OK – the Save the IBS Hedgehogs (and Save the Sophie) campaign has got off to a rather rocky start, because I’ve had the cough from hell over the past two weeks. It was really quite impressive, resulting in some spectacular and lengthy coughing fits. On several occasions I was quite disappointed to find that I had not, in fact, managed to cough up a lung.
So, this meant that I couldn’t really hold down a conversation without choking, and so I haven’t yet made my appointment to see the nutritionist. But first thing Monday, I’m doing it.
The nutritionist I’m seeing treats IBS on the basis that many cases are due to a combination of factors – food intolerance, an imbalance of good/bad bacteria or parasites, and an overgrowth of yeast. In each patient, one or more of these causes may be found, and they all need to be treated to achieve relief.
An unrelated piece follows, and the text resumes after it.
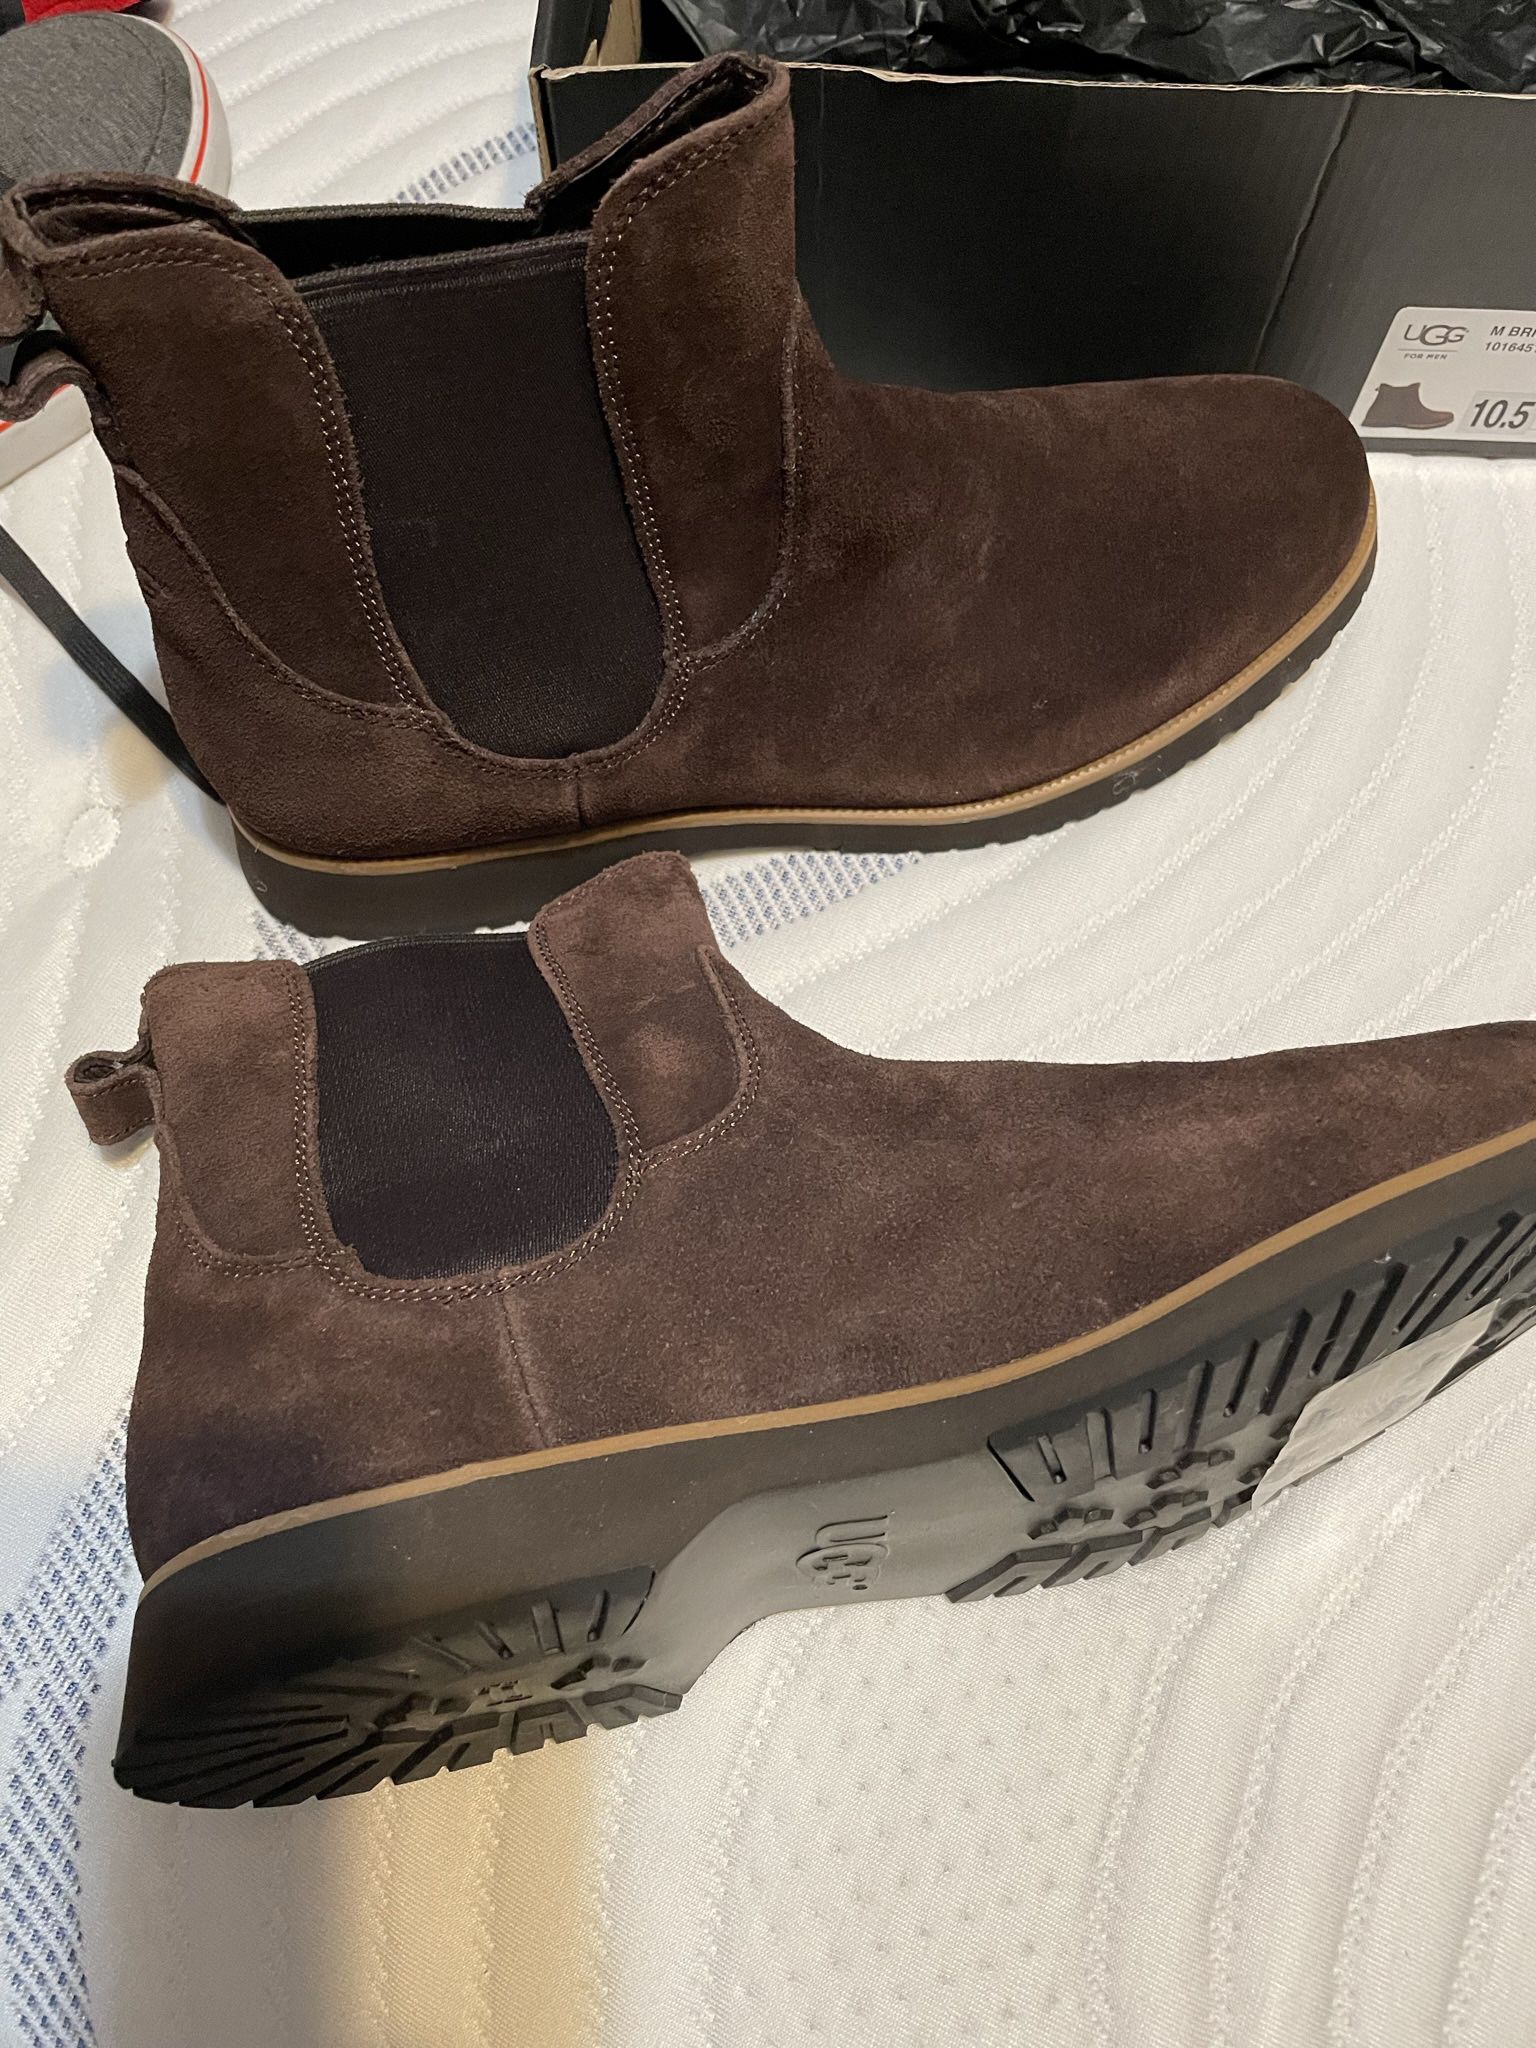 New In Box Mens Ugg Boots Size 10.5

I have decided that this is the approach I want to try first for a number of reasons. Mainly, it just seems so sensible and logical that it has to be worth a try – I sometimes think that researchers into IBS over-complicate matters when they try to look for deep and hidden meanings and obscure physical causes.
After all, one day I was fine, the next day I had awful food poisoning (caused by some bad bacteria in my digestive system), and from then on I wasn’t fine. And there are some docs who seem to think that the food poisoning was almost irrelevant, but that seems a bit crazy to me.
Isn’t it possible that the bad bacteria wiped out some of the good ones, or lived on to keep causing more havoc? Seems logical to me, and there are certainly some bacteria that can live in the body for years. Apart from anything else, the discovery that most stomach ulcers are actually caused by a bacteria leads me to think that this is a useful way of thinking.
Like all aspects of IBS, the research in this area is not conclusive, but there have been some studies which show that probiotics can help IBS symptoms (as long as they’re strong enough and contain the right strains), so it’s not as if it’s a completely unscientific theory.
Anyway – that’s the kind of therapist I’m talking to first. Once I’m well enough.